I can’t connect to my WorkSpace by using the Amazon WorkSpaces client—how do I connect to my WorkSpace by using a Remote Desktop Protocol (RDP) client?


Normally, you should connect to your WorkSpace by using the WorkSpaces client, but you might need to connect to a WorkSpace by using an RDP client for troubleshooting. To do this, you must update the WorkSpace security group settings to allow connections from the IP address of your RDP client.

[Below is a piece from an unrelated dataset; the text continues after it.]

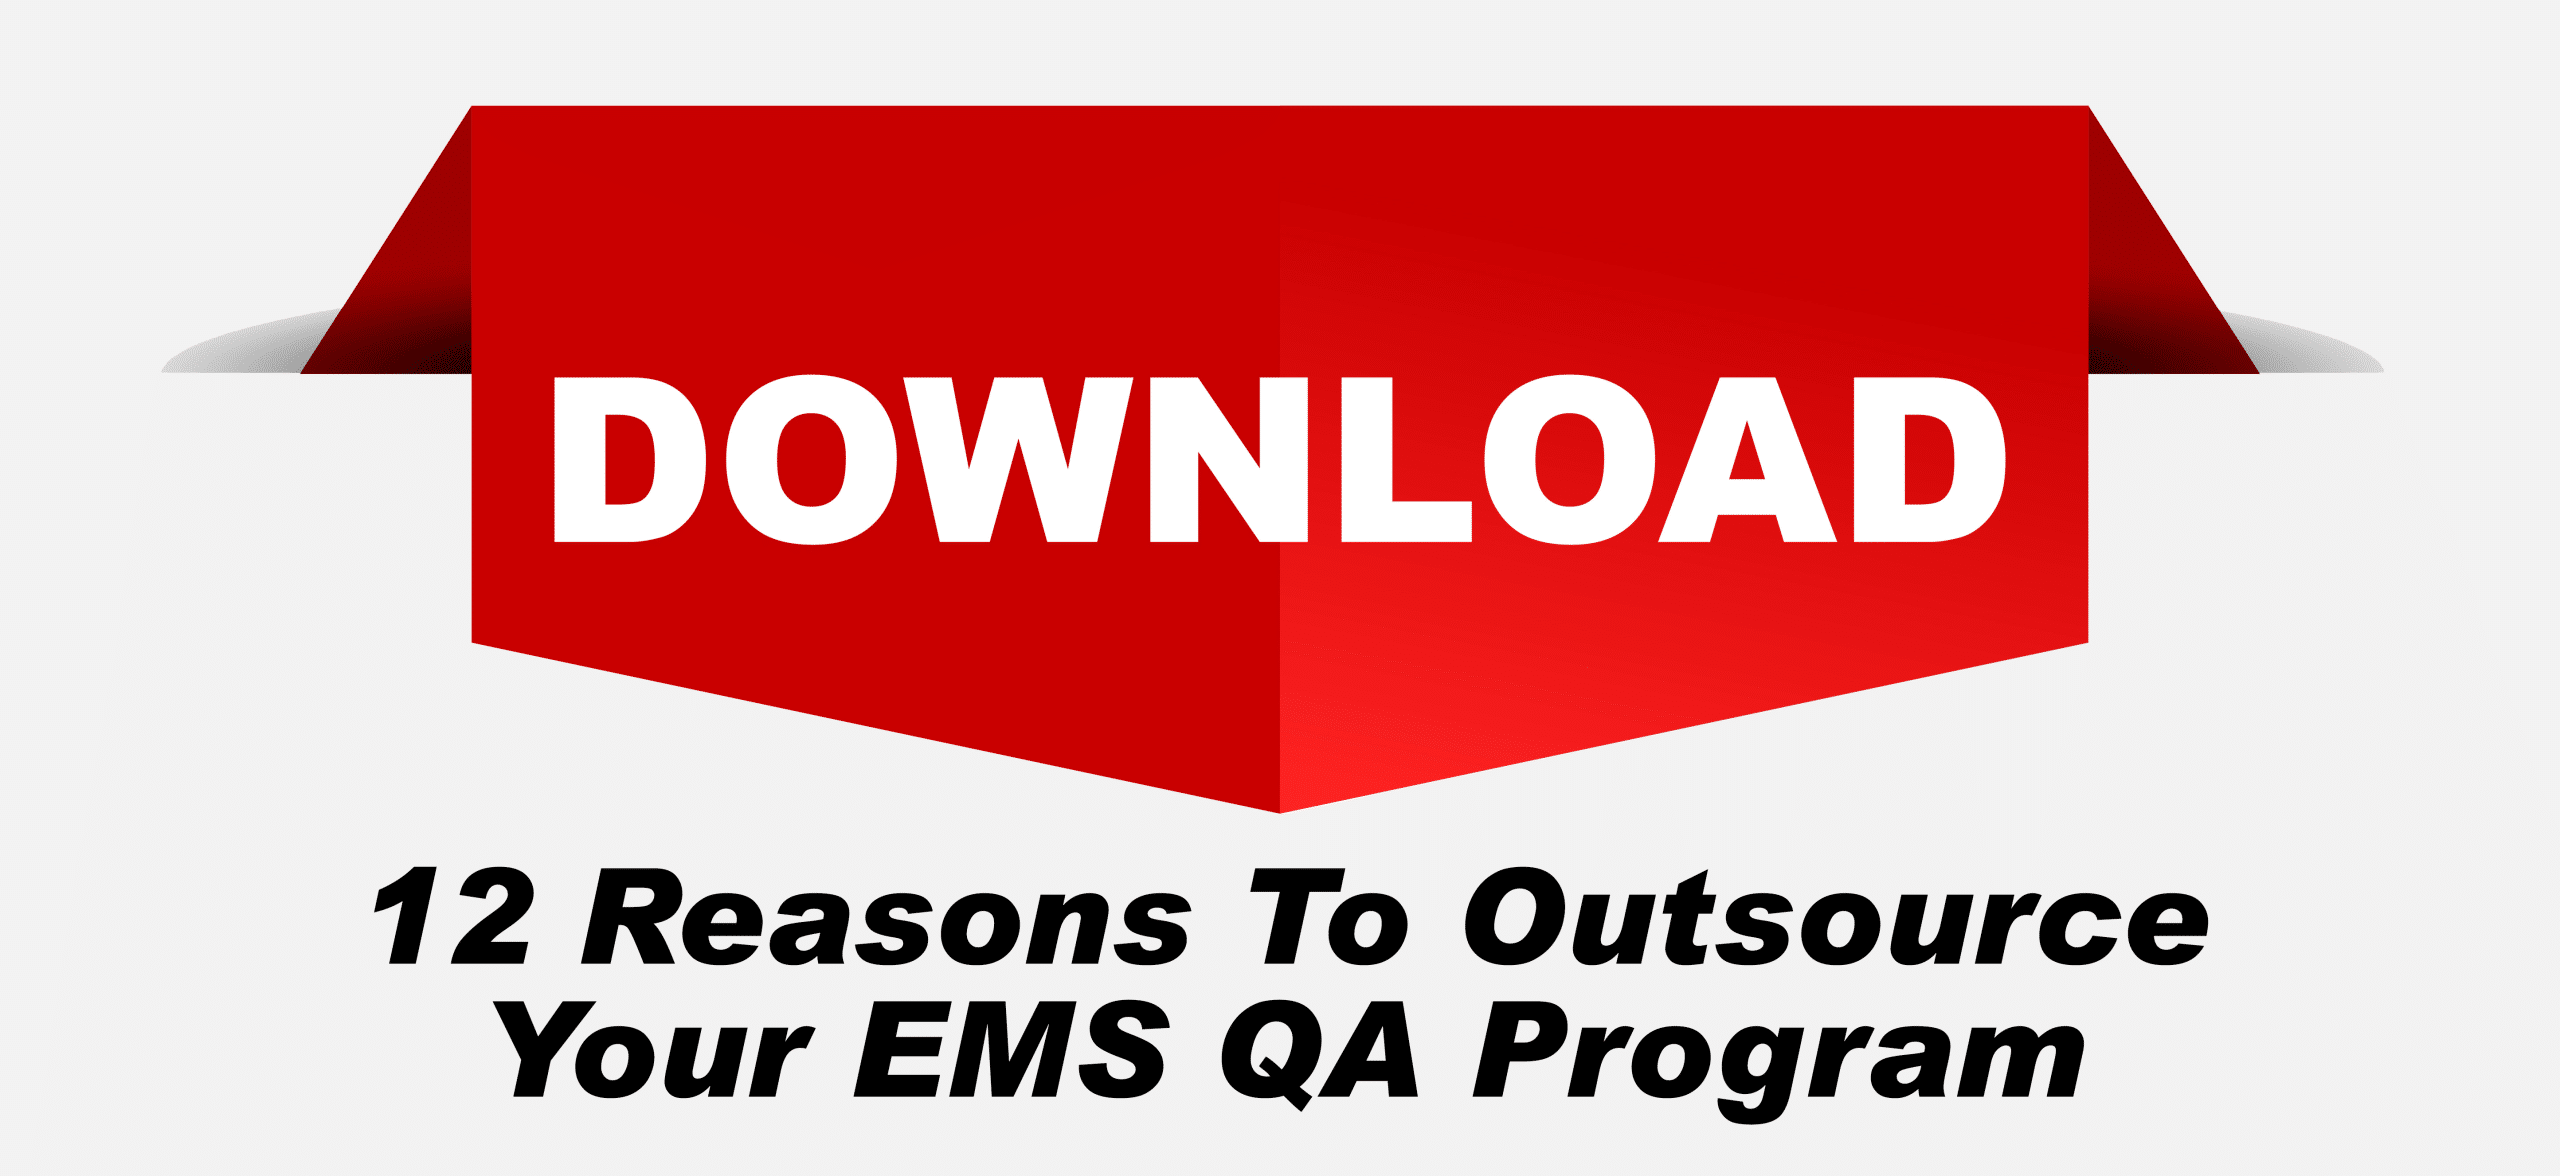 12 Reasons to Outsource Your EMS CQI Program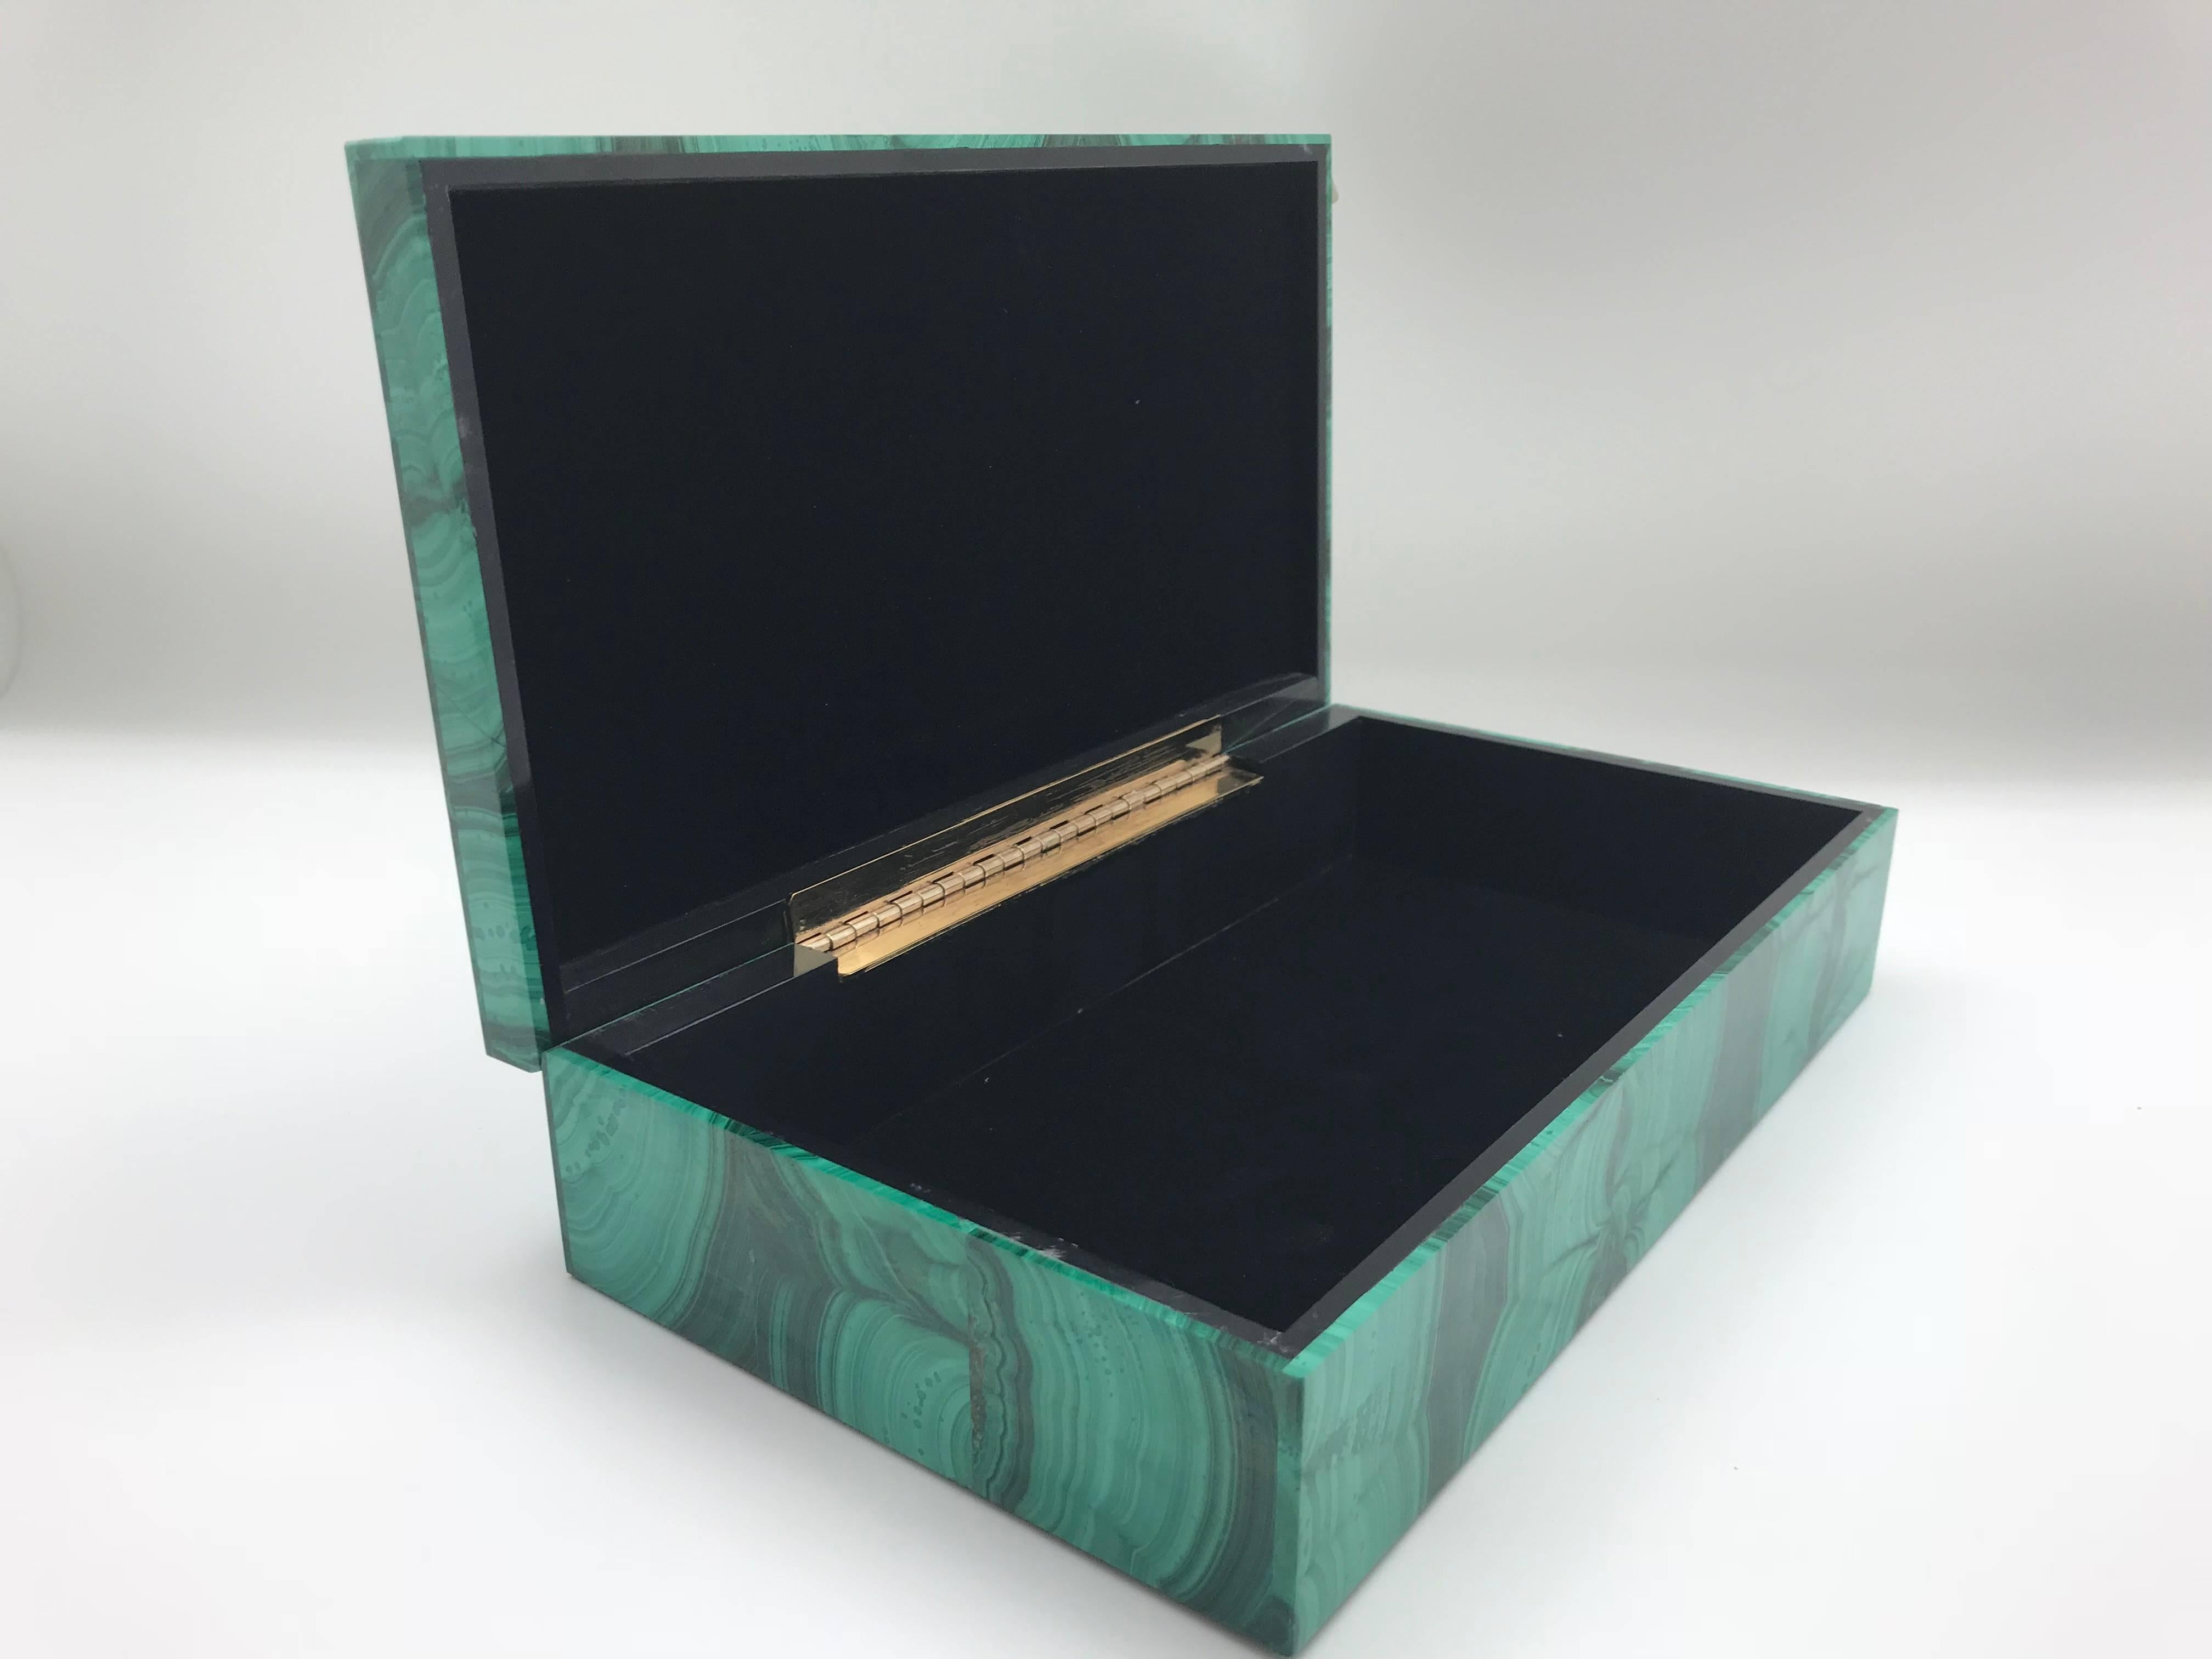 The malachite for this box was sourced from the Congo, where the finest quality of this mineral is currently found. Malachite from the 18th and 19th century was also sourced from Russia. Boxes, such as this, were typically brought back from Europe

To do this, follow these steps:

  1. Sign in to the Amazon WorkSpaces console.
  2. Select the WorkSpace, expand the details pane using the arrow, and then take note of the IP address under WorkSpace IP.
    Note: The WorkSpace must be in a running state in order for the private IP address to appear. If the WorkSpace is stopped, the private IP address does not appear.
  3. Sign in to the Amazon EC2 console.
  4. From the left navigation pane, choose Network Interfaces.
  5. In the search box, type the IP address of the WorkSpace you noted earlier. Select the network interface associated with the IP address, and take note of the IP address in the Public IP column (if any).
  6. Open the link in the Security groups column.
  7. Choose the Inbound tab, and then choose Edit.
  8. Choose Add Rule, and create a rule with the following attributes:
    Type: RDP
    Protocol: TCP
    Port Range: 3389
    Source: Use the IP address(es) you will use to connect to the WorkSpace (for example, the public IP address of a remote machine, or the private IP address of another EC2 instance in the same VPC).
  9. Choose Save.

You should now be able to connect to the WorkSpace using RDP from the IP address(es) you specified. If you can’t connect to the WorkSpace, double-check the rule you added to the WorkSpace security group to be sure that the IP address you added is correct, and be sure that the WorkSpace has Internet access through an Internet Gateway.